I changed the instance updateDate for a4798645 and a6743952 to today 5/23 and reran the POD selection dag and the generated update file is empty.

jgreben commented 1 month ago

This should be fixed now by https://github.com/sul-dlss/libsys-airflow/pull/1016

ahafele commented 1 month ago

Fixes

I changed the instance updateDate for a4798645 and a6743952 to today 5/23 and reran the POD selection dag and the generated update file is empty.

New problem When an item is suppressed the 999 with item info is still included. When an item and holding is suppressed the 999 is still included. This was previously working as expected.

Example a9615278 includes =999 \$aHC285 .C27 2011 test$hBook$lGRE-STACKS$wLibrary of Congress classification$tportable device 1$eGRE-STACKS =999 \$aHC285 .C27 2011$hBook$lGRE-STACKS$wLibrary of Congress classification$tbook$eGRE-STACKS$j1 even though the first one is suppressed from discovery.

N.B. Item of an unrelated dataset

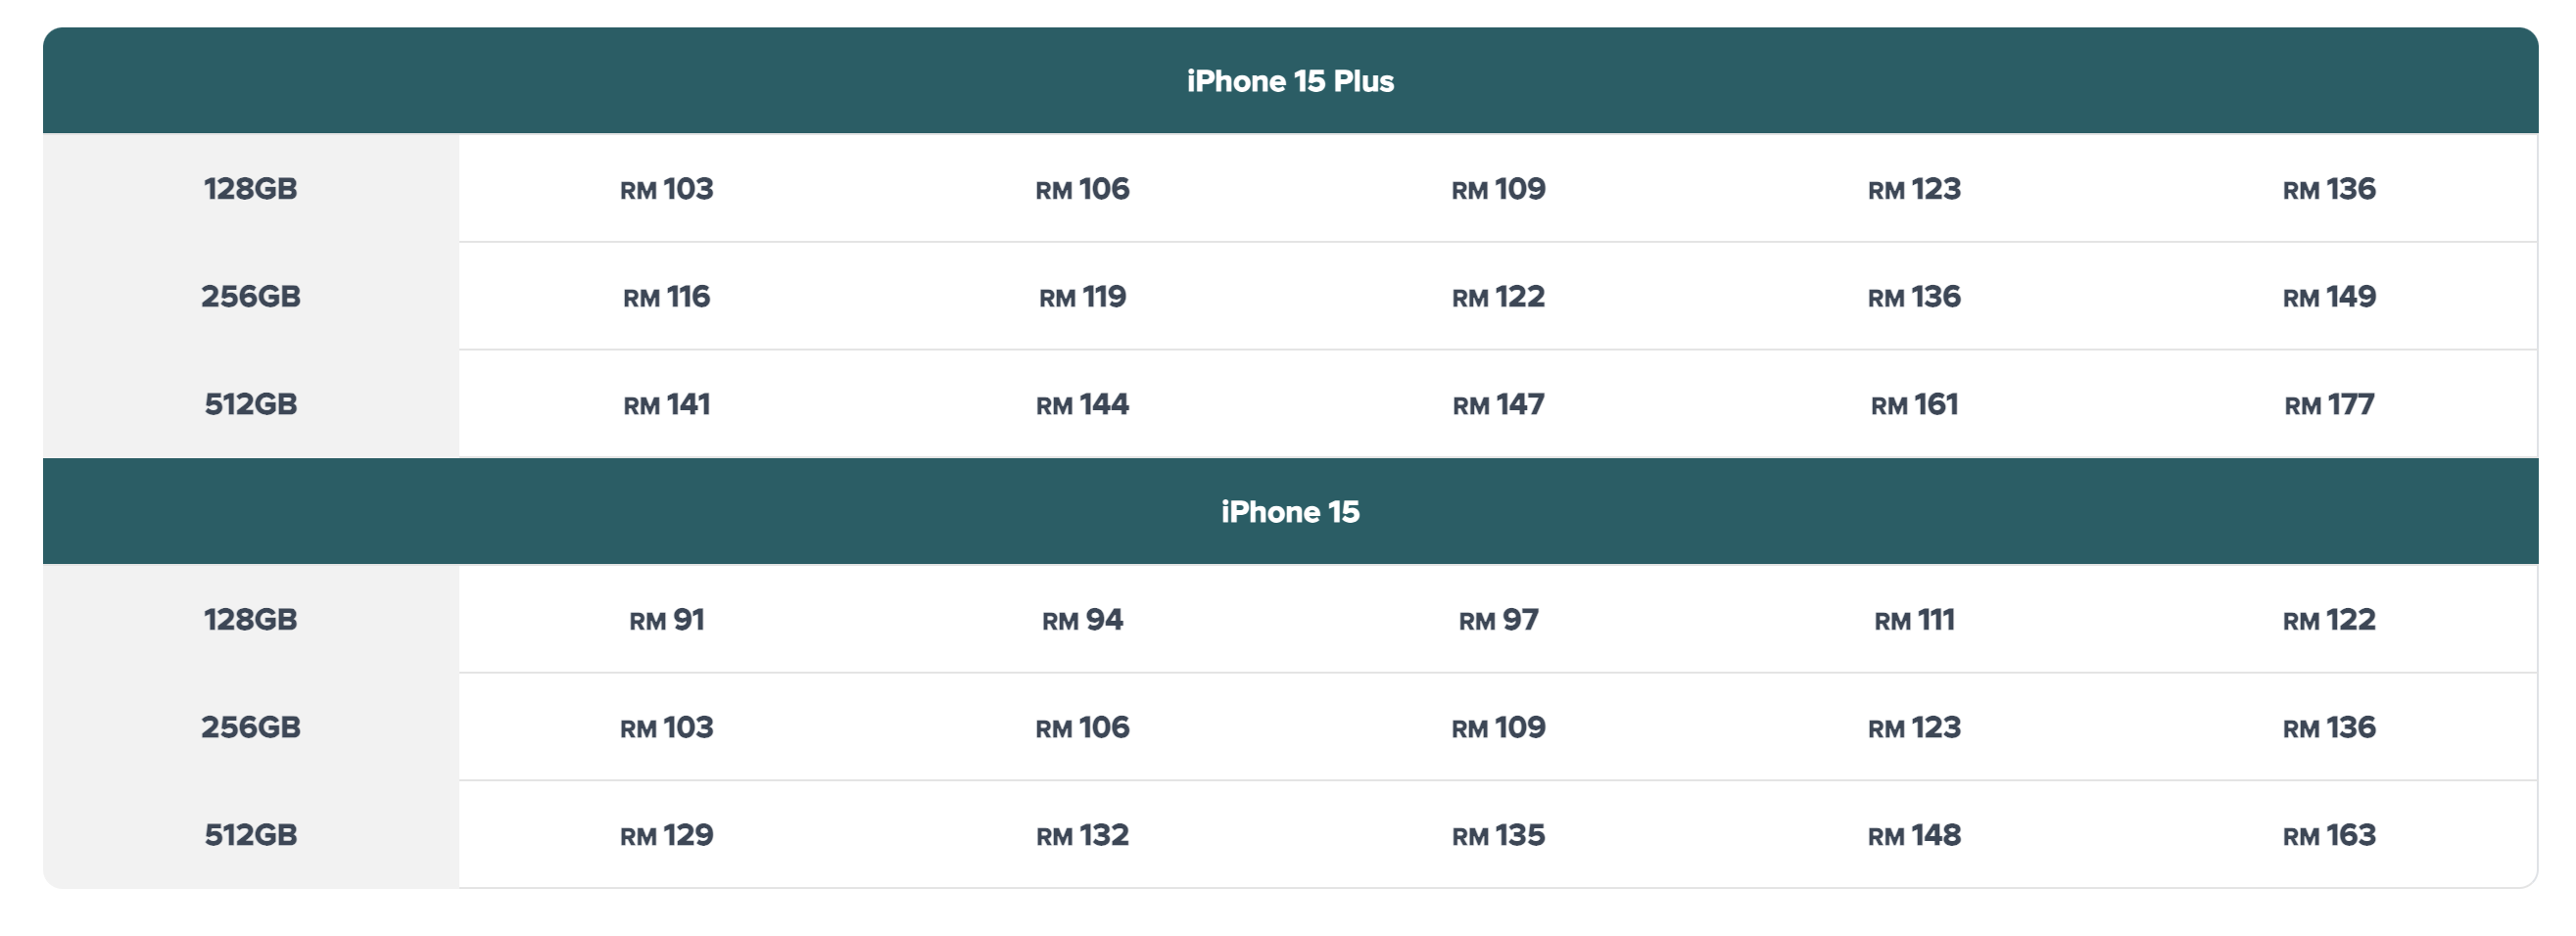 Maxis iPhone 15 & iPhone 15 Plus Pricing

Example a7946988 includes =999 \$aHV6773 .C475 2009$hBook$lGRE-STACKS$wLibrary of Congress classification$tbook$eGRE-STACKS$j1 Even though both item and holding are suppressed from discovery.

ahafele commented 1 month ago

@jgreben most 999s are now gone from the generated files. I can show after standup this morning.